Additional information

Studies in vitro

No evidence of mutagenicity was seen in a guideline-comparable Ames test (DuPont, 1979) performed with terephthalic acid. The clastogenicity of terephthalic acid was investigated in a study using cultured peripheral human lymphocytes (Fox, 2006a). This study reports a positive result in the absence of metabolic activation; however negative results are reported in studies using sodium terephthalate (Fox, 2006b; 2007a,b), indicating that the terephthalate anion itself is not clastogenic. Findings in the study with terephthalic acid are therefore likely to be a consequence of the acidity of the test substance. The results of a mouse lymphoma assay (Riach & Willington, 1994) with the read-across substance (structural isomer) isoterephthalic acid report a weak positive response; however this was non-reproducible and was associated with marked cytotoxicity and pH changes in the culture medium. The biological significance of this effect is therefore considered to be doubtful.

Studies in vivo

No evidence of unscheduled DNA synthesis (UDS) was seen in a study in the rat liver at the limit dose of 2000 mg/kg bw (Fox, 2006c). No evidence of clastogenicity was seen in a mouse bone marrow micronucleus assay (intraperitoneal dosing) at dose levels sufficient to cause toxicity (Gudi & Krsmanovic, 2001).

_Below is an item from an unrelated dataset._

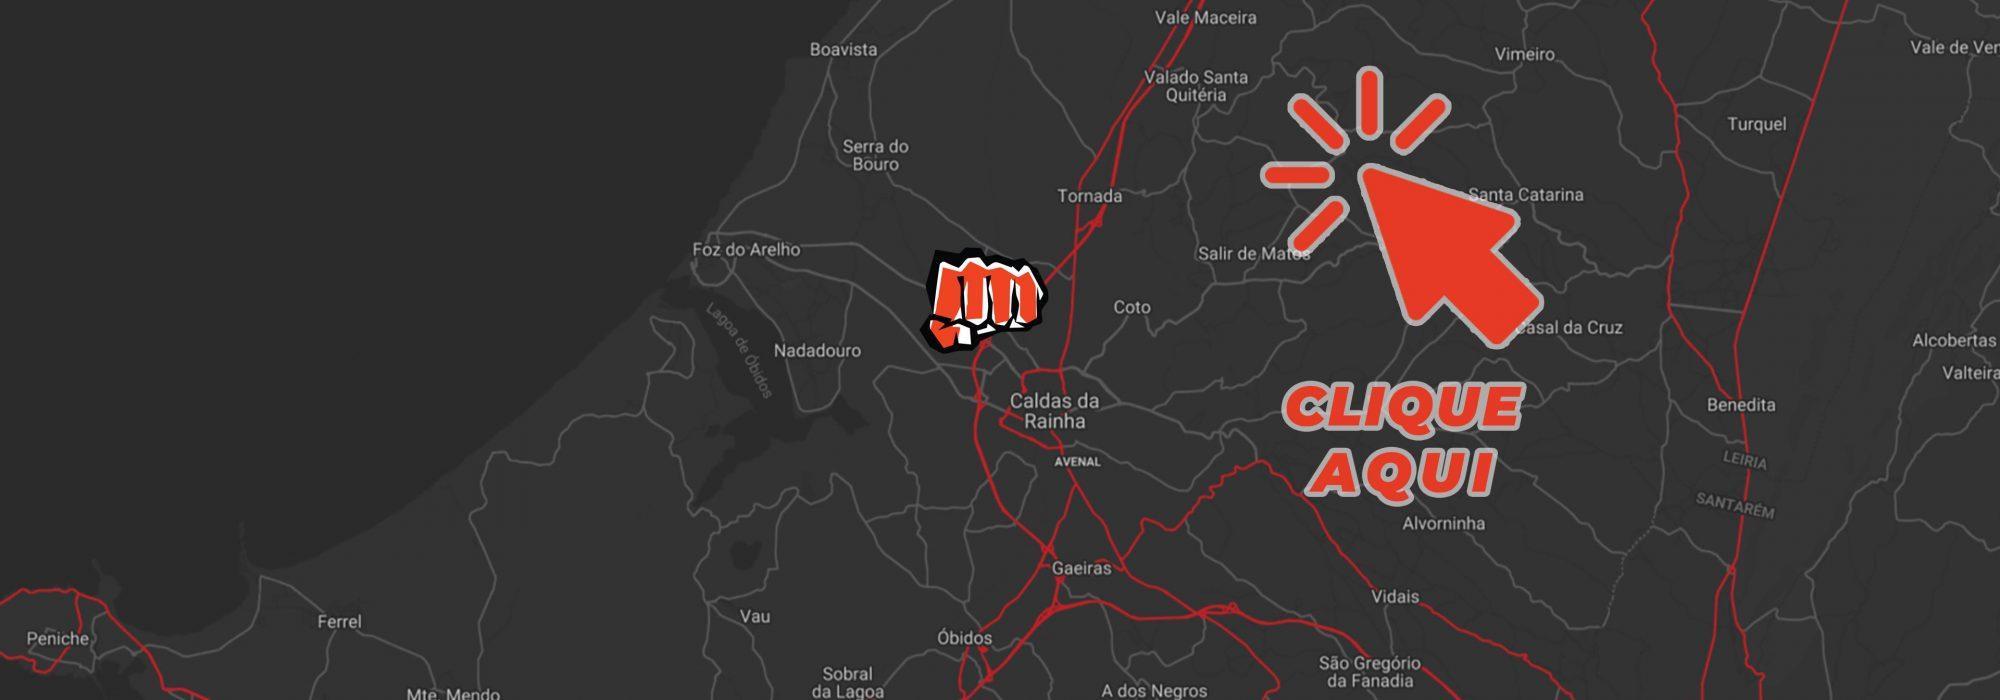 4k-map-caldas

Although the results of the studies in mammalian cells in vitro are not universally negative, the positive or equivocal findings seen in some assays are considered likely to be due to pH changes caused by the acidic nature of the test substance (terephthalic acid or isophthalic acid) are associated with marked toxicity. The clear negative results in the two higher tier assays in vivo demonstrate that the substance is not genotoxic.

COM opinion

The available data on the genetic toxicity of terephthalic acid has also been reviewed by the independent UK Government Committee on Mutagenicity (COM). The COM concluded, on the basis of the data available, that the two in vivo studies of genotoxicity performed with terephthalic acid were adequate and negative, and indicated that terephthalic acid is not an in vivo mutagen. The COM further concluded that the available evidence supported their previous conclusion of a non-genotoxic mechanism for the bladder tumours seen in the rat carcinogenicity study.


Justification for selection of genetic toxicity endpoint
A weight of evidence approach is taken to this endpoint; there is no single key study.

Short description of key information:
An Ames test is available for terephthalic acid. Studies of clastogenicity in mammalian cells (cultured human lymphocytes) in vitro are available for terephthalic acid and its sodium salt. A study of mammalian cell mutagenicity (mouse lymphoma assay) is available for the structural isomer isophthalic acid.

Endpoint Conclusion: No adverse effect observed (negative)

Justification for classification or non-classification

Terepthalic acid is not classified for genotoxicity under CLP, based on the negative results in studies in vivo.